After 23ABC reported high levels of 1,2,3 trichloropropane in the system in June, the water company received dozens of calls and emails from residents.
"I took a number of calls, and I explained to our customers exactly what I am explaining to you," District Manager Rudy Valles said.
Valles said the main concern was the annual water report that showed a level 200 times the recommended level of the carcinogen 1,2,3 TCP in some areas of Bakersfield.
Valles explained that number was attained as a combination of the tested wells.
"Our system has 950 plus miles of water main and our wells are in various locations, so when we're pumping into the system, it's diluted," Valles said.
Valles added that if a well itself contained a level 100 times the recommendation, it would be shut down immediately.
"We haven't had to do that yet," Valles said.
The State Water Board is holding a meeting July 20th at City Hall to talk with the public about their concerns with TCP, and work on creating a maximum contaminant level.
Creating that level would then prompt water companies to comply and put filters in place to take out the chemical.

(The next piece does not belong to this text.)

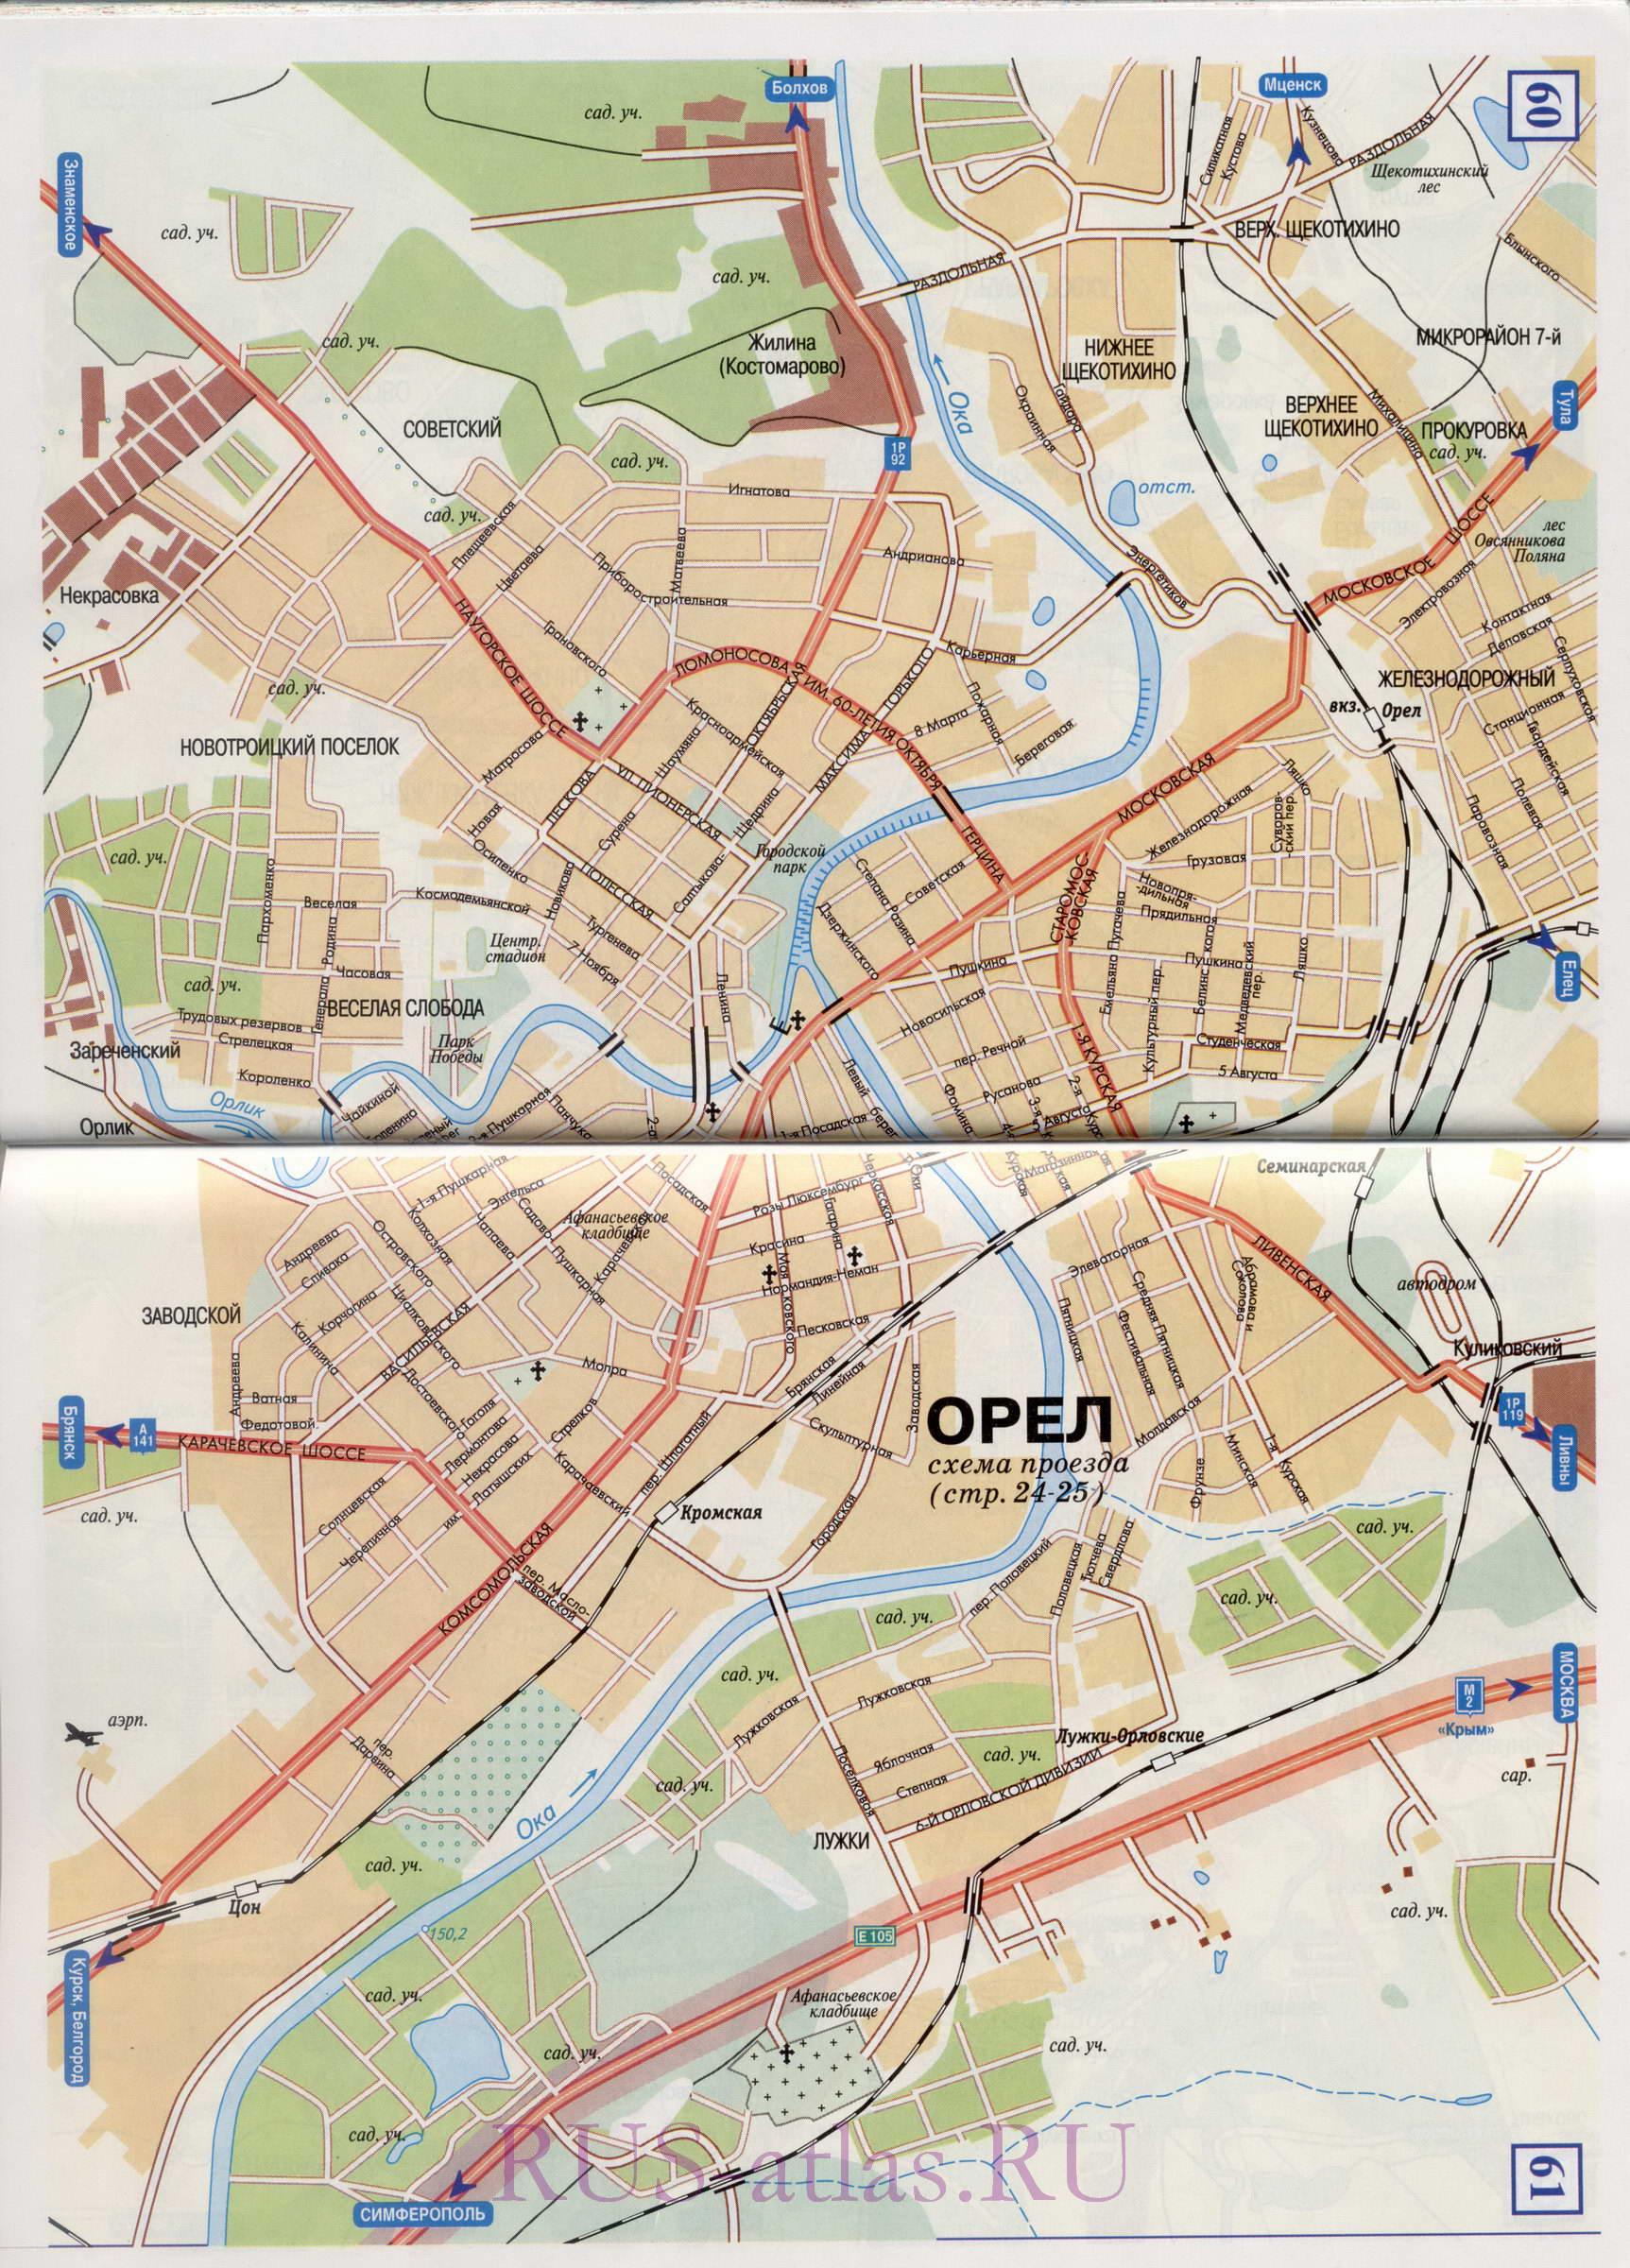 Детальная крупномасштабная карта города Орел с названиями улиц и схемой транзитного проезда грузового транспорта.

"We're ready, we just need that number," Valles said the level may not be set until 2017.
Once it is set, Valles said they already have designs ready with a granular activated carbon filter that will be put in place.
The company is waiting until that level is set, so they put the appropriate sized filter on their water lines.
Valles said he couldn't say how long levels of TCP have been in the water. Lawsuits between Shell Oil and various water companies throughout California say it started in the 1940's.
Shell Oil and Dow released a pesticide to kill nematodes, a microscopic worm that harms crops, and contains TCP. The chemical then contaminated aquifers.
If you would like to test your water, there are a couple labs in Bakersfield that provide the service. BC Labs can test TCP levels in 10 days for $225.